No, there is currently no way to use multi-threads. As far as I know, a multi-threaded loader would run into the Python GIL, which would yield a bad performance, thus multi-processing is used.
I think there’s a couple catches to the GIL where you can still get good parallel performance using python threads. I could be wrong, but here is what I believe to be true:
- The GIL simulates compute bound tasks of multiple threads through preemptive multitasking. So if you have N processors, you will not get an N-fold speedup.
- The GIL will yield threads if they get put into the wait state from I/O bound operations. This is handy if you are reading off of a network drive with large latency. This is my situation which is why I asked.
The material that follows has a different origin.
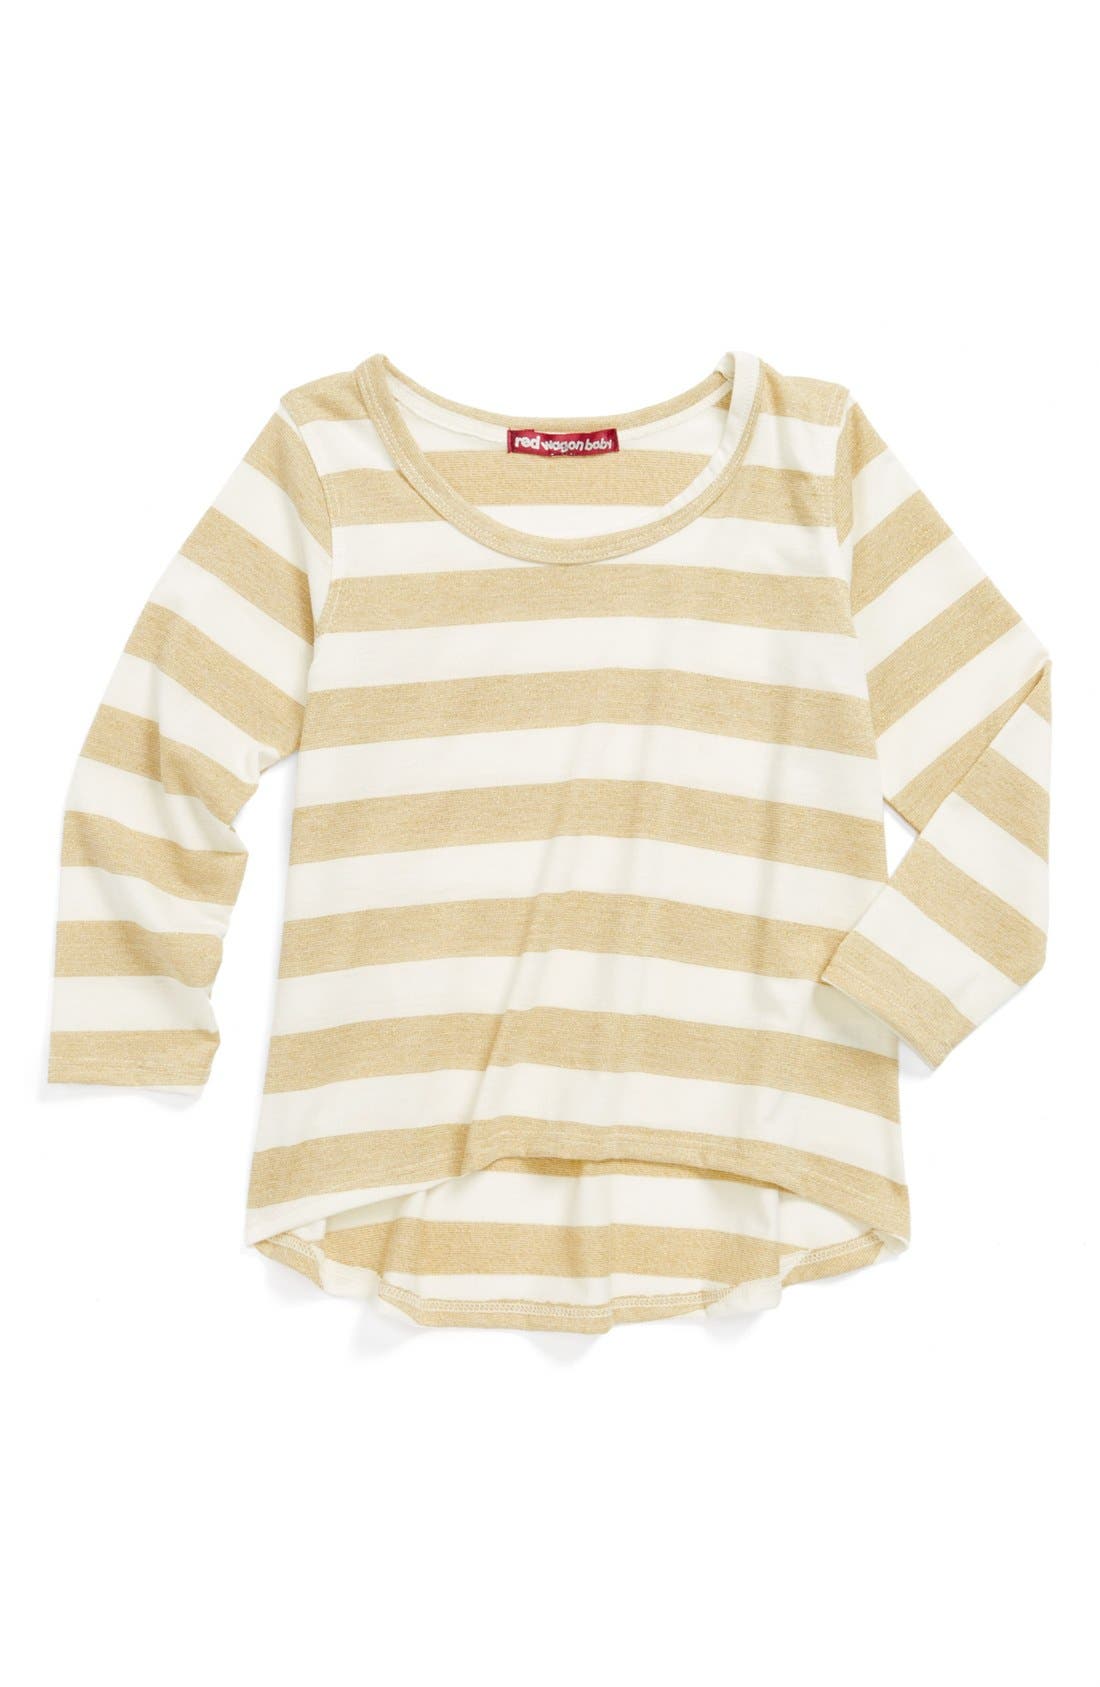 RED WAGON Girls Long Sleeve Top Pack of 3

- The GIL can be released by lower level libraries effectively removing the issue with item 1. I believe OpenCV does this. So, my thought is, if my understanding is correct, using OpenCV to do your data augmentation should yield the GIL and thus using multiple threads should give you a speedup.
I am developing in windows and have found multiprocess to be a bit of a headache. For example, different versions of python copy over different parts of the context when making a new process. In generally, process making on Windows isnt as slick as it is on Linux.
Anyone out there reading this, please let me know if something I stated above is incorrect.
I am interested in the same topic, if my dataloader is IO bound (for example because I am reading a lot of small arrays from a slow hard drive) I believe that IO performances would greatly increase using more workers then avialable cpu cores, thus having a thread based data loader could make sense.